We are not breaking AES. We are eavesdropping on AES running on a chip.

The gap between mathematical security and physical security is real, it is exploitable, and it is the foundation of everything we will do with ChipWhisperer in this series.


What’s Coming in Blog 2

Now that we know that power consumption leaks information, the next question is: why?

Why does processing a 1 draw different power than processing a 0? What is actually happening inside the transistors? What does a power trace actually look like?

Blog 2 goes inside the chip. We talk about CMOS transistors, how they switch, why switching costs energy, and how that energy cost depends on the data being processed. We build the physical intuition you need to understand what ChipWhisperer is actually measuring.

See you there.


What We Learned — Glossary

Side channel — An unintended path through which secret information leaks as a side effect of a system’s physical operation, rather than through its intended output.

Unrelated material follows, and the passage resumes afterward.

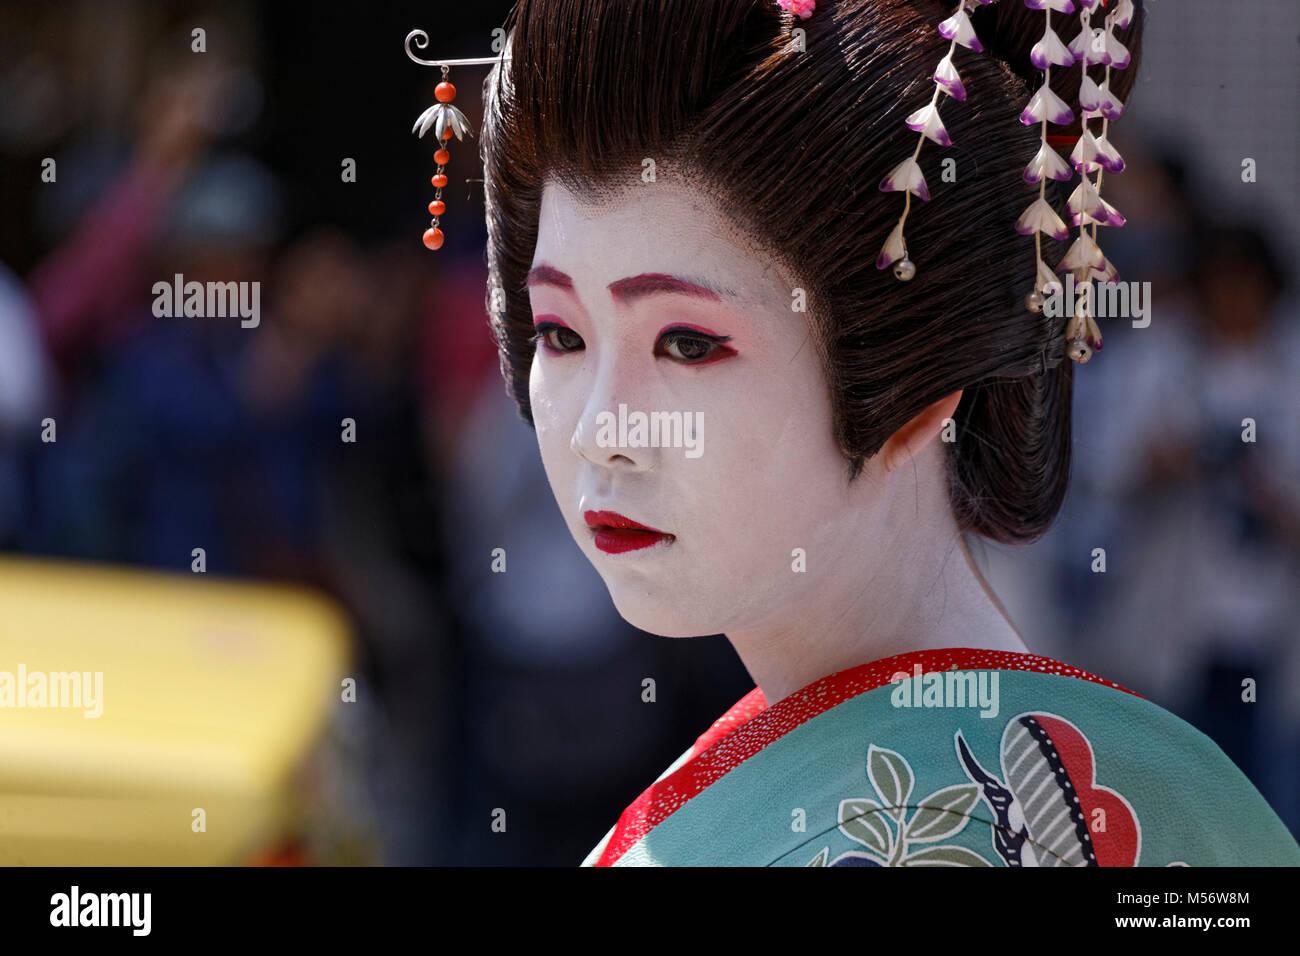 La Daigyoretsu durante el festival Sanja Matsuri, Tokio, Japón. Imagen De Stock
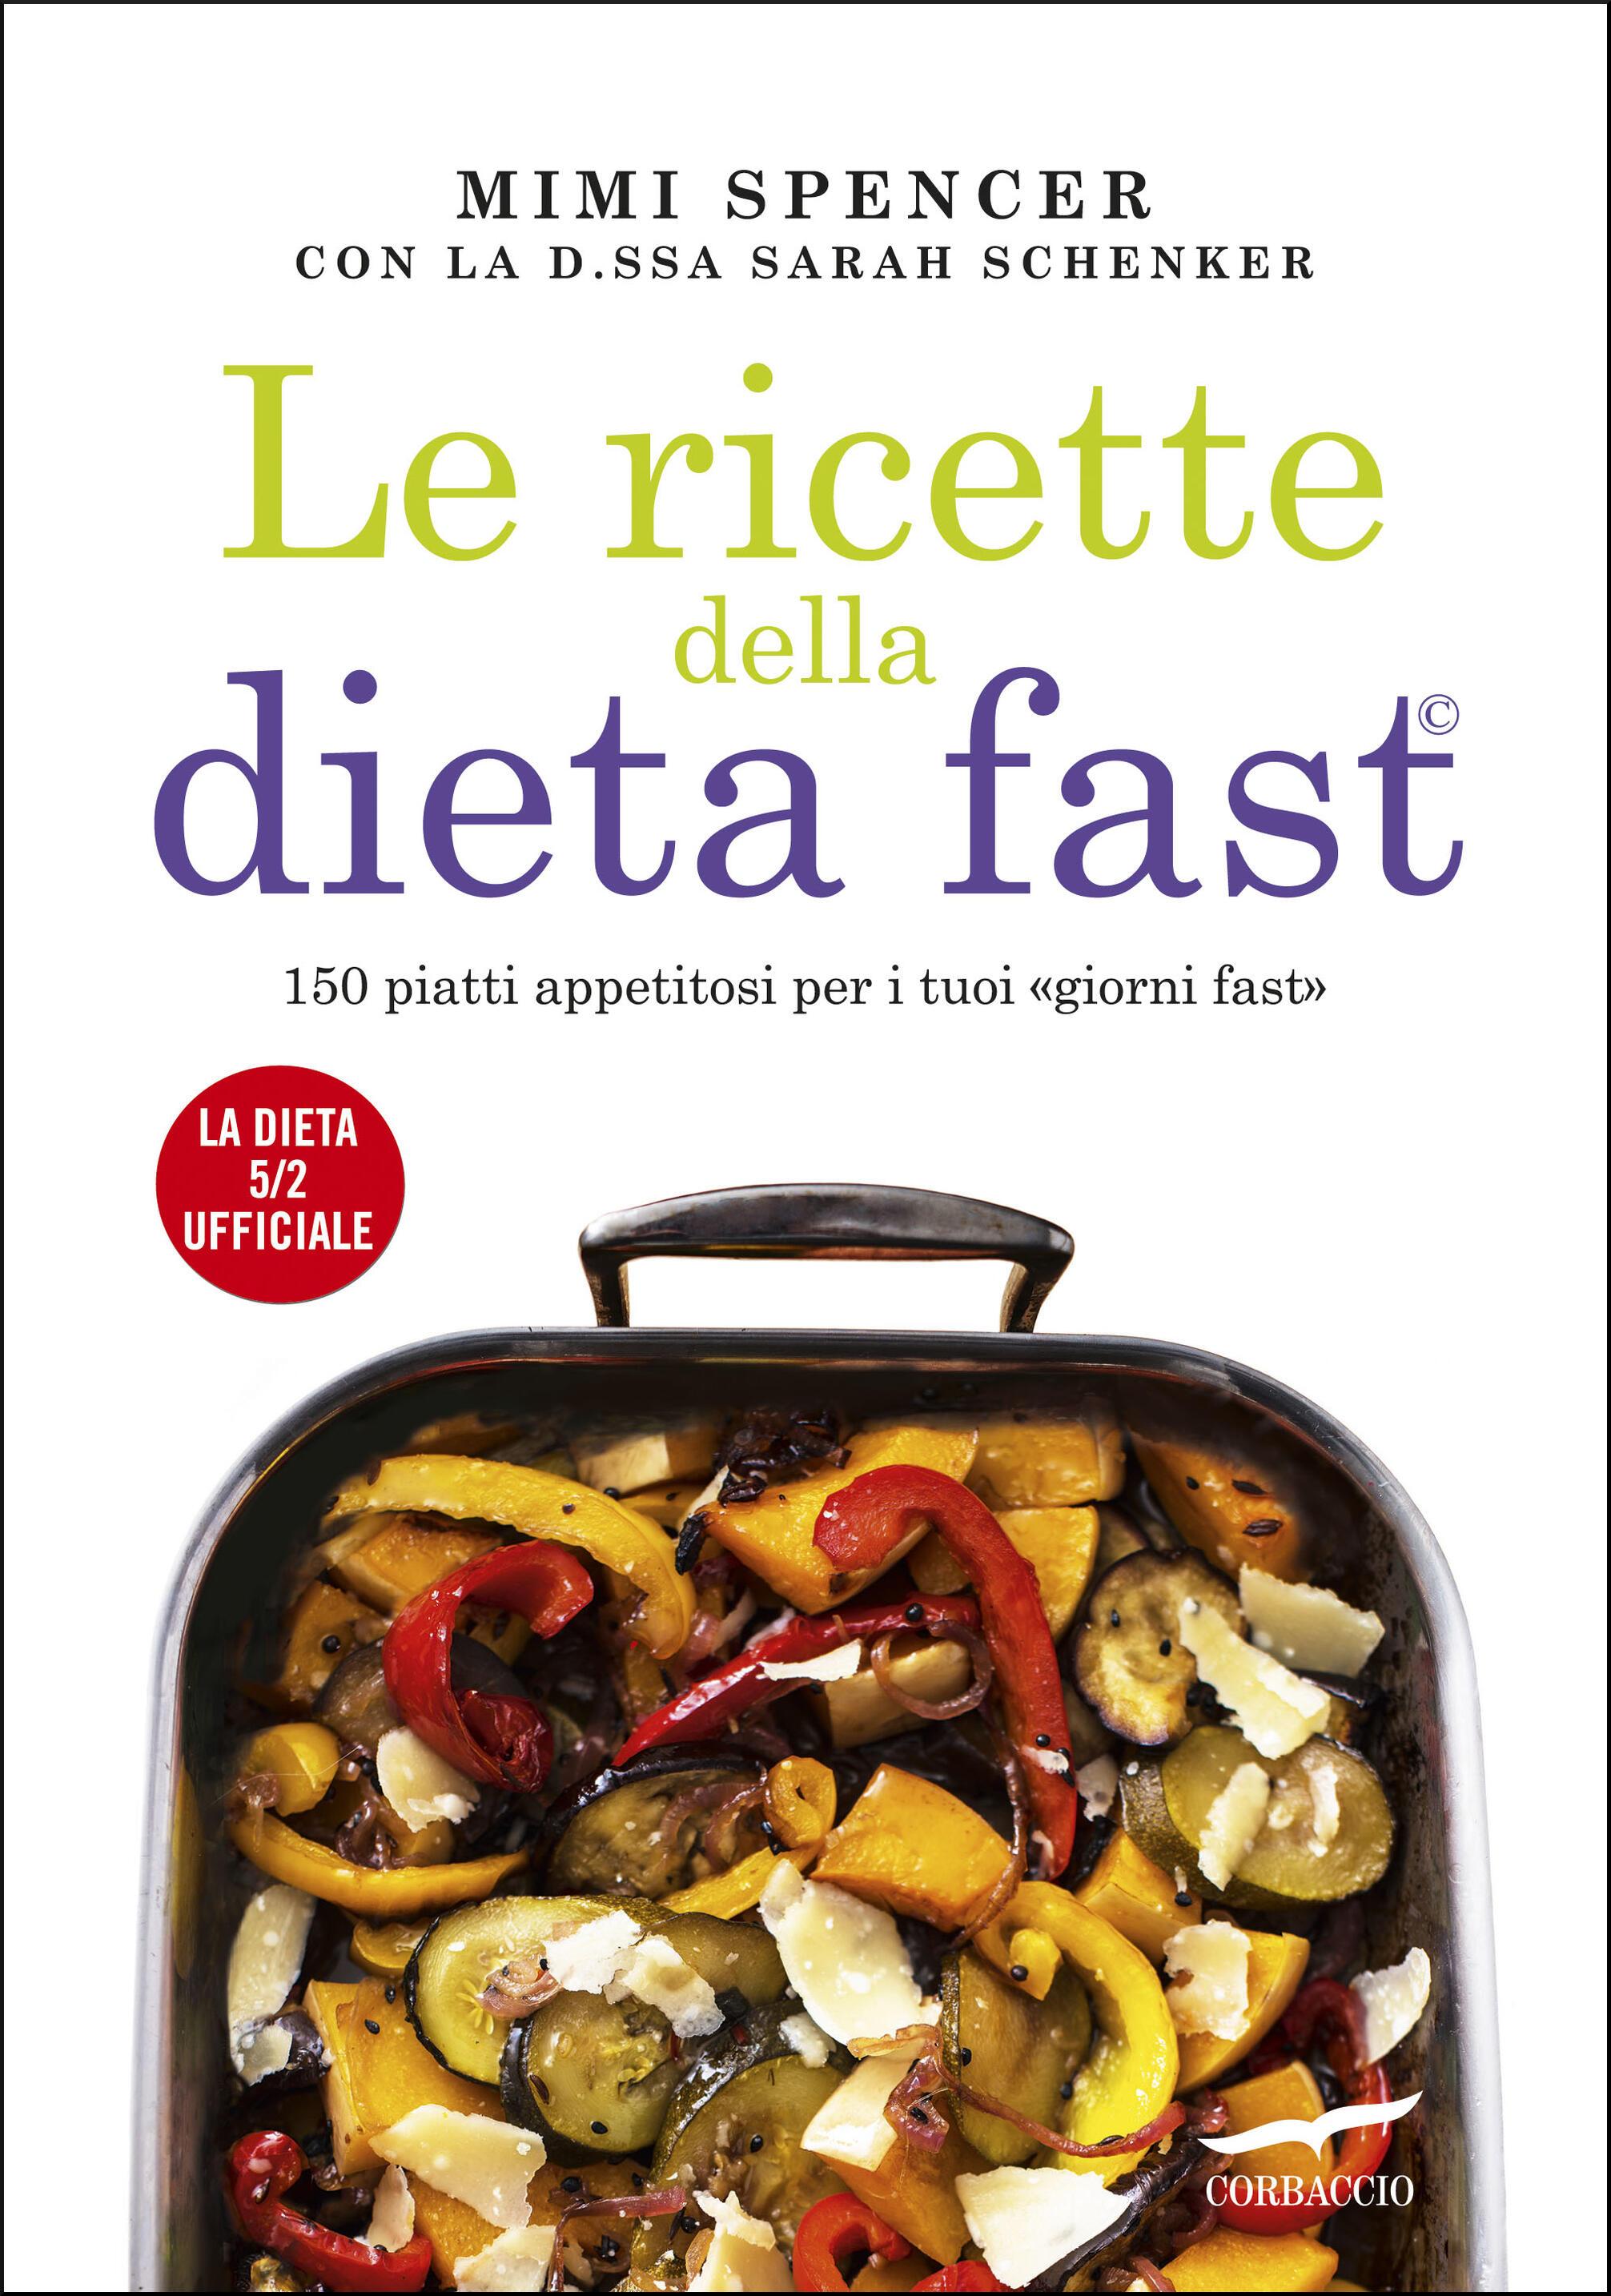 Ricette cucina professionale pdf

Power analysis — A side-channel attack that extracts secret information by measuring the power consumption of a device during cryptographic operations.

Timing attack — A side-channel attack that exploits differences in how long operations take depending on the data being processed.

Electromagnetic (EM) attack — A side-channel attack that captures the EM radiation emitted by a device during computation.

Acoustic attack — A side-channel attack that analyzes sound produced by a device’s physical components during computation.

Threat model — The set of assumptions about what an attacker can do. Classical cryptography’s threat model did not include physical side channels.

ChipWhisperer — An open-source hardware and software platform for performing power analysis attacks on embedded cryptographic implementations.

Power trace — A recording of a device’s power consumption over time during a cryptographic operation. The raw data we analyze in power analysis attacks.

CMOS — The transistor technology used in virtually all modern chips. Why CMOS switching costs energy — and how that energy depends on data — is exactly what Blog 2 is about.